RECORDS SHOWN START
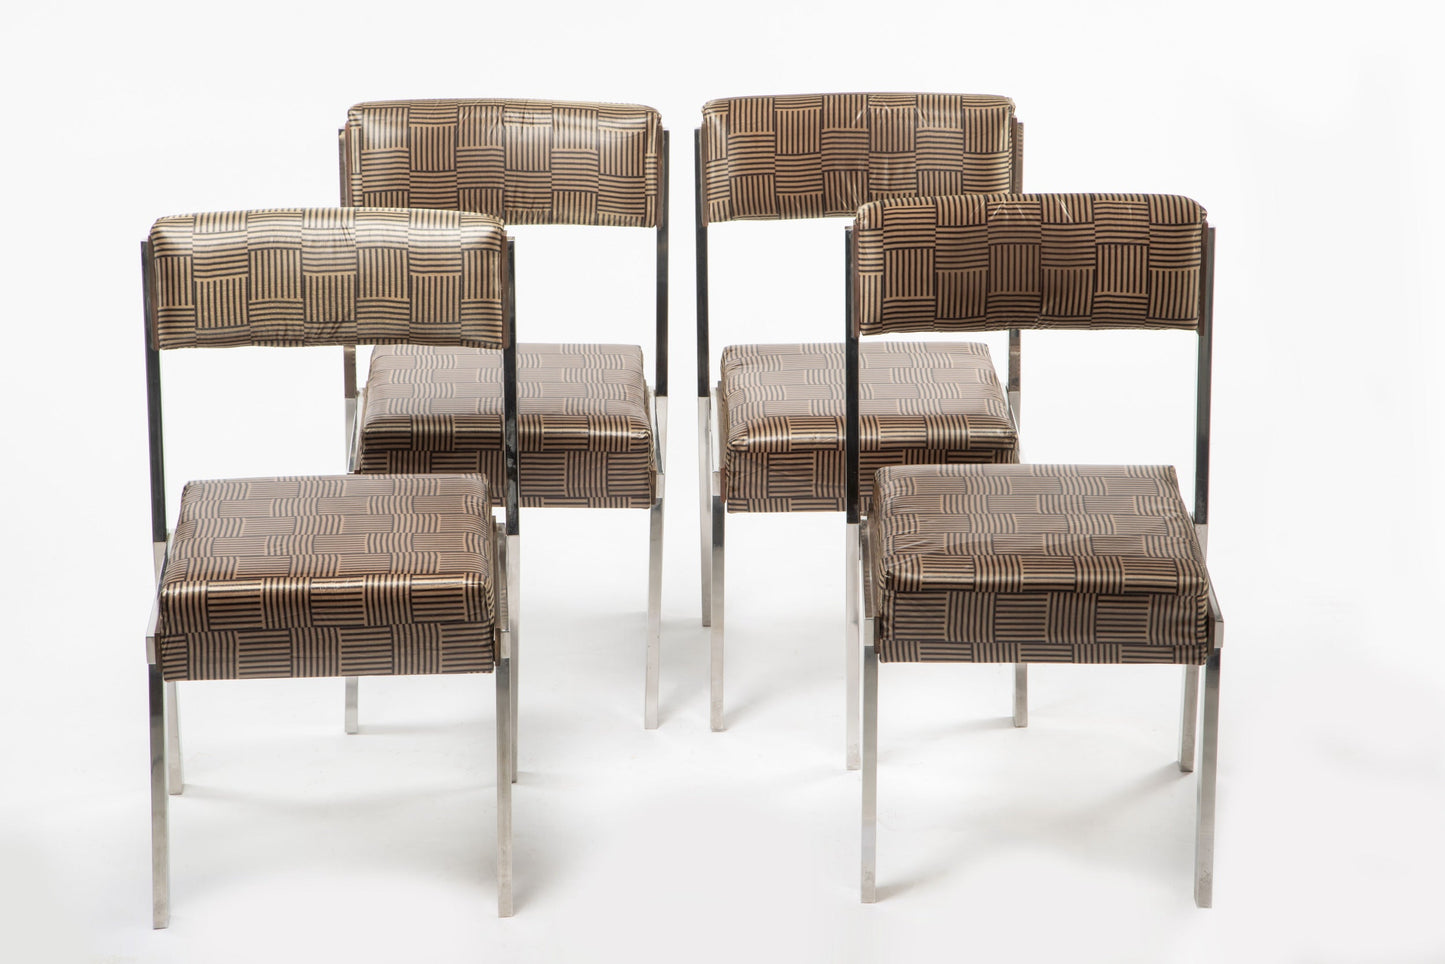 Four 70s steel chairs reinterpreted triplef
RECORDS SHOWN END
RECORDS SHOWN START
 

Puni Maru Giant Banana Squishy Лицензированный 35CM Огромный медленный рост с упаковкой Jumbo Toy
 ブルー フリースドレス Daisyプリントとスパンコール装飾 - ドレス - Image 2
RECORDS SHOWN END
RECORDS SHOWN START
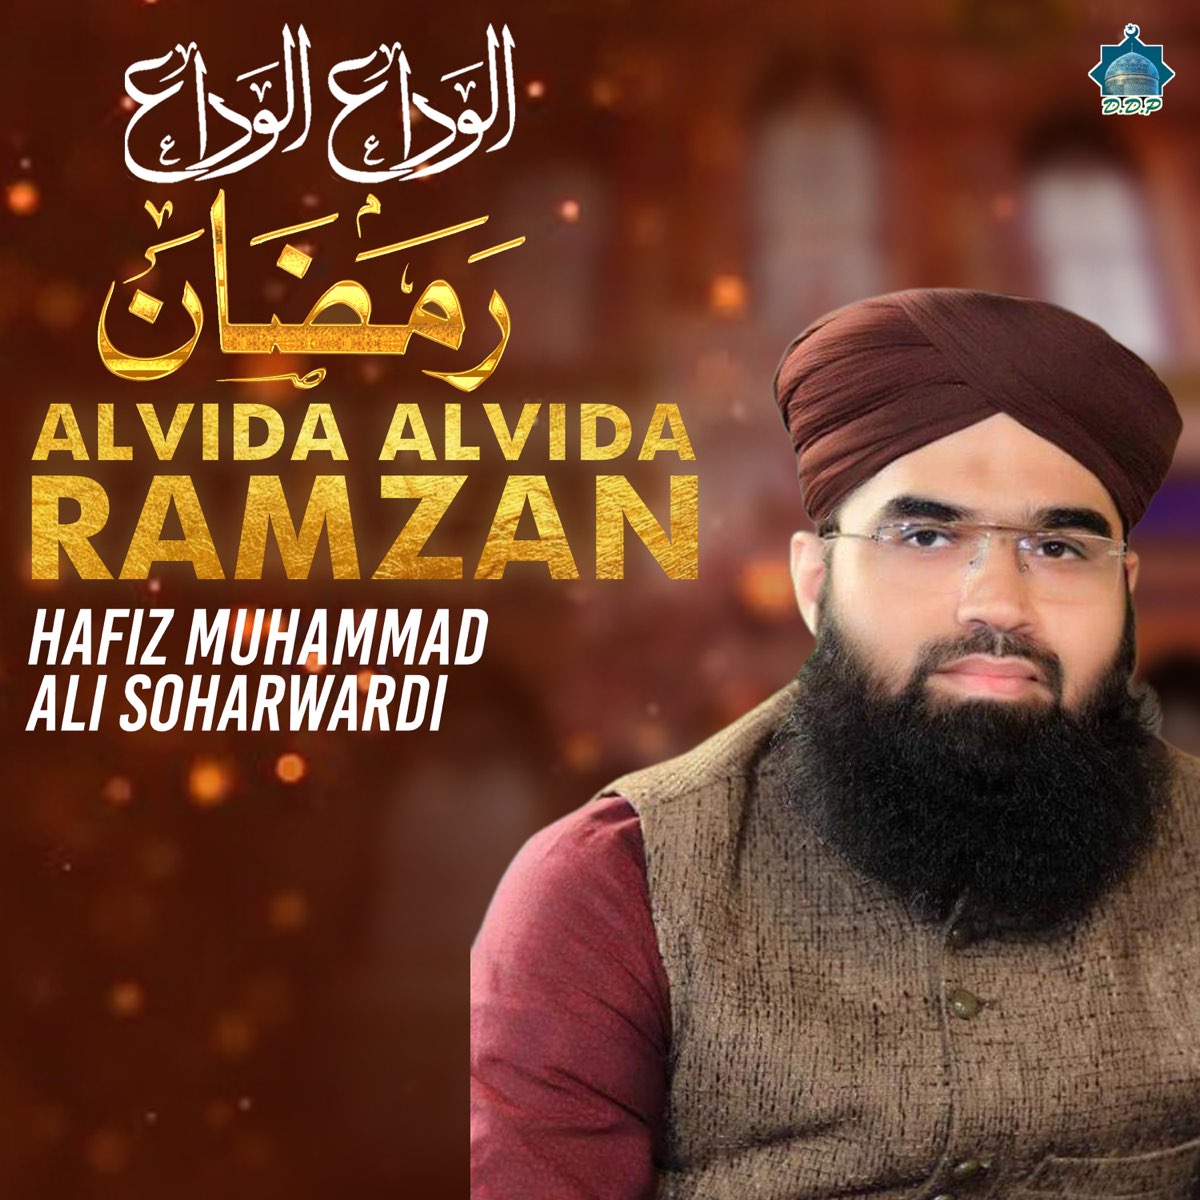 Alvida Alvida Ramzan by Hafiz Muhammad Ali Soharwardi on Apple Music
RECORDS SHOWN END
EXERCISE REQUIREMENTS |
Taking the records above, retype every line from the one with "Puni Maru Giant" down to the one with "ブルー フリースドレス Daisyプリントとスパンコール装飾", exactly and with nothing else.

ANSWER TO THE PROBLEM |
Puni Maru Giant Banana Squishy Лицензированный 35CM Огромный медленный рост с упаковкой Jumbo Toy
 ブルー フリースドレス Daisyプリントとスパンコール装飾 - ドレス - Image 2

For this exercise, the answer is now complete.